EXERCISE AIM: Whenever a picture appears in the listing below, leave it out, and copy exactly the lines from the one containing "Buddha Bowl: Rice" through the end.
═════ MATERIAL PROVIDED
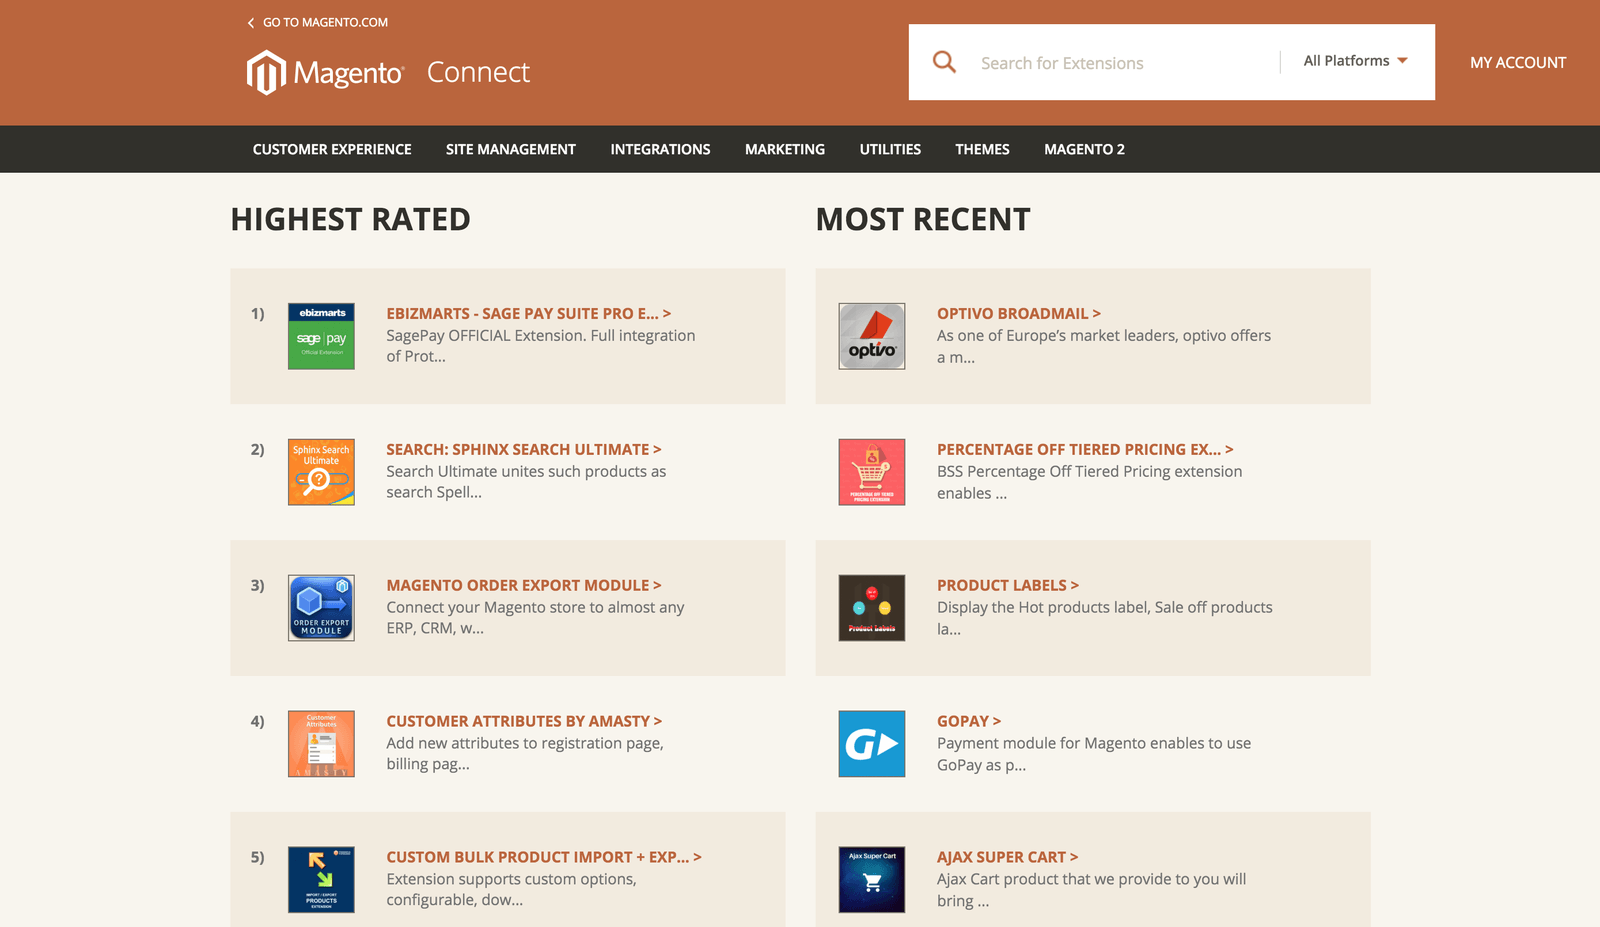 Our search extension is the second on the list of the highest-rated extensions through  entire Magento Connect
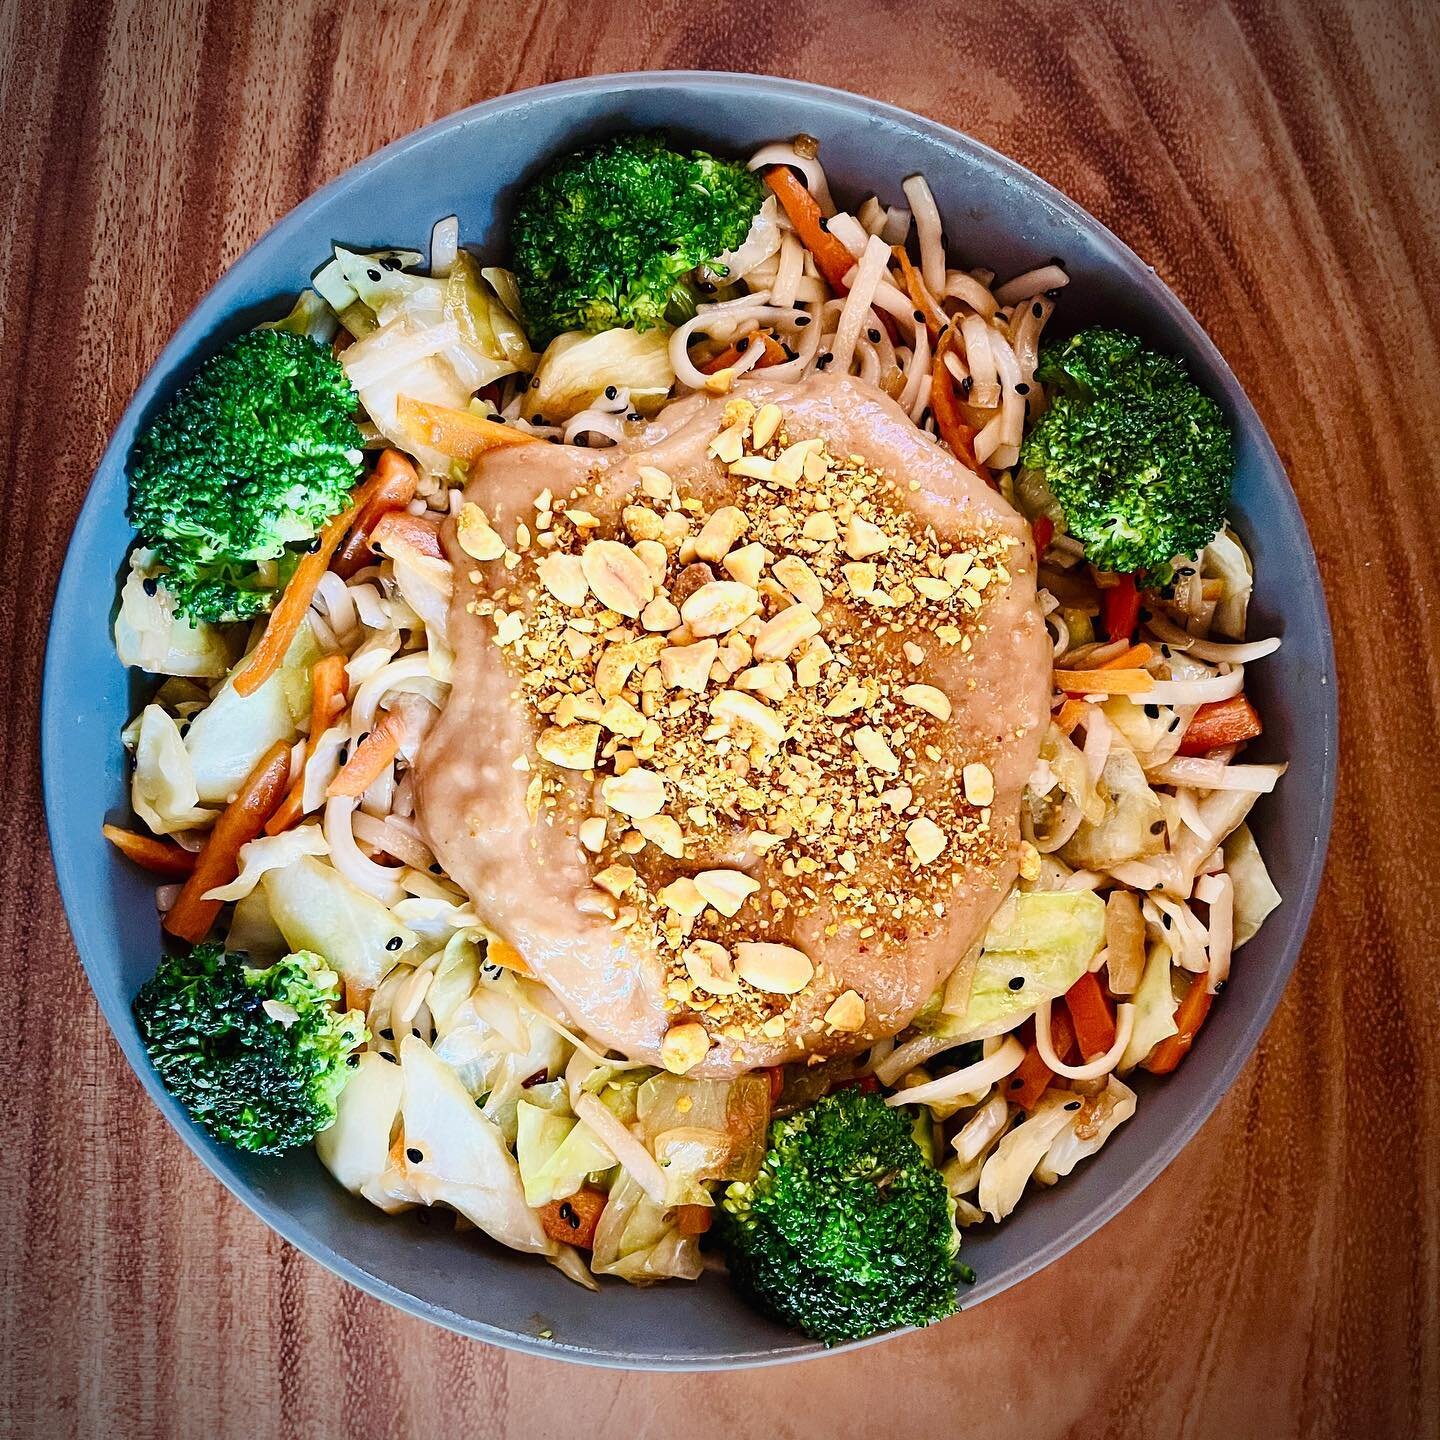 Buddha Bowl: Rice Noodles, Broccoli, Carrot, Cabbage and our homemade Peanut Sauce. Yum! 💚💜 #buddhabowl #yum
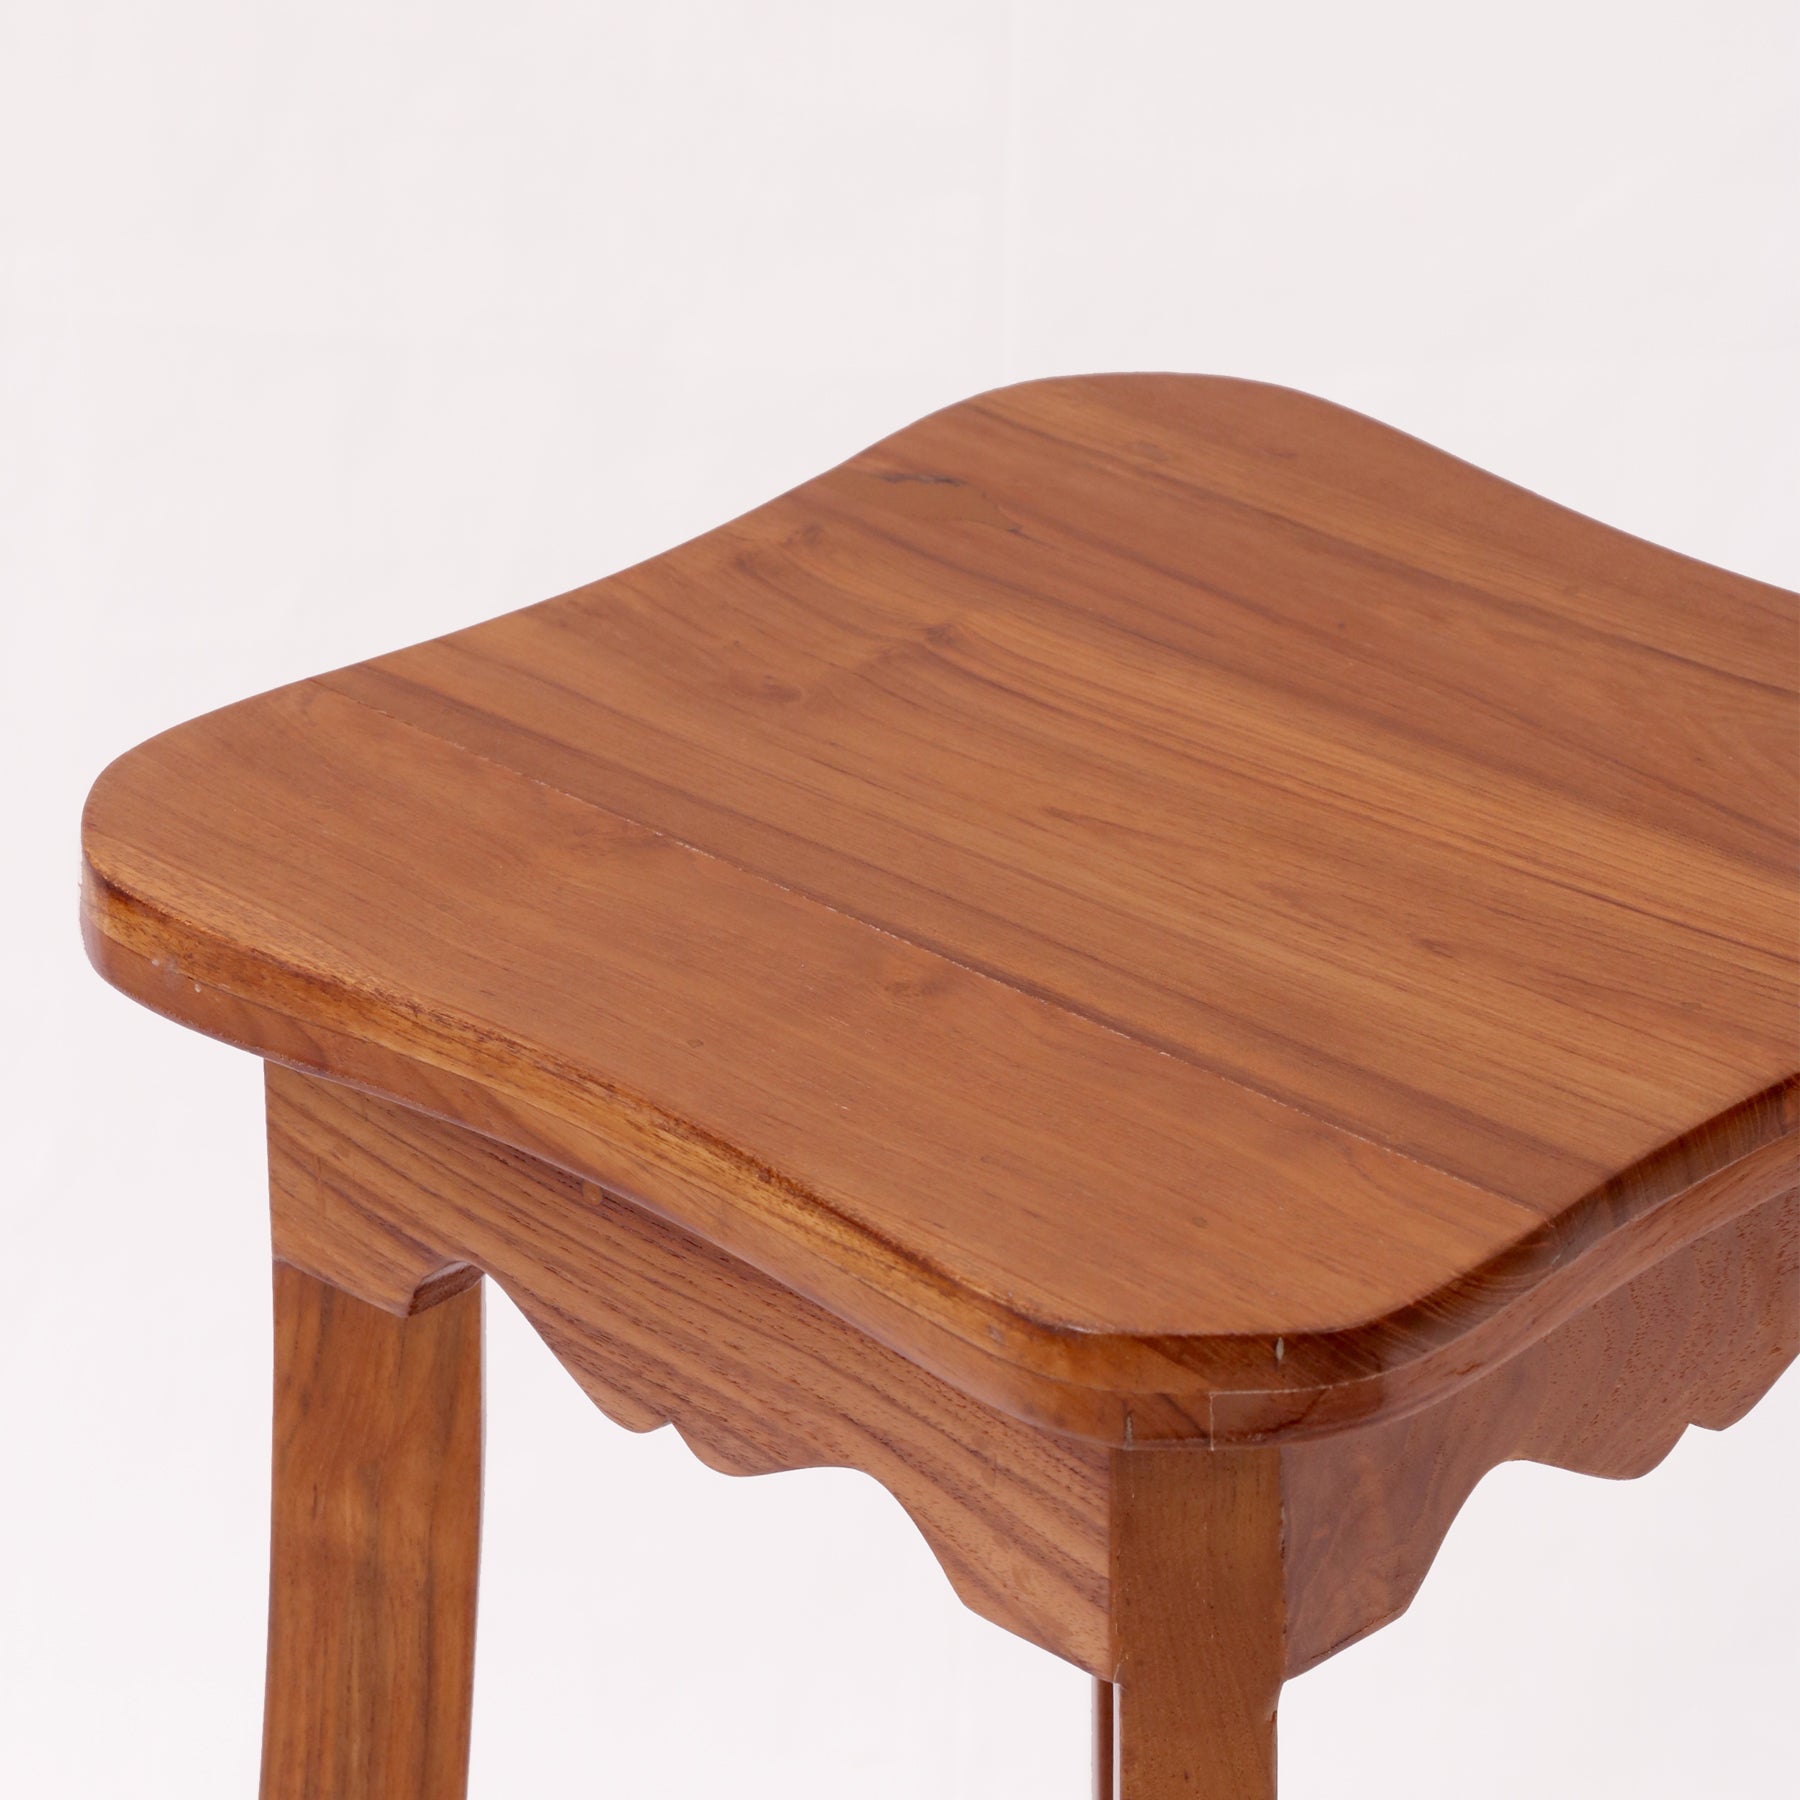 Carved and Curved Teak Stool Stool
══════════
TASK ANSWER:
 Buddha Bowl: Rice Noodles, Broccoli, Carrot, Cabbage and our homemade Peanut Sauce. Yum! 💚💜 #buddhabowl #yum
 Carved and Curved Teak Stool Stool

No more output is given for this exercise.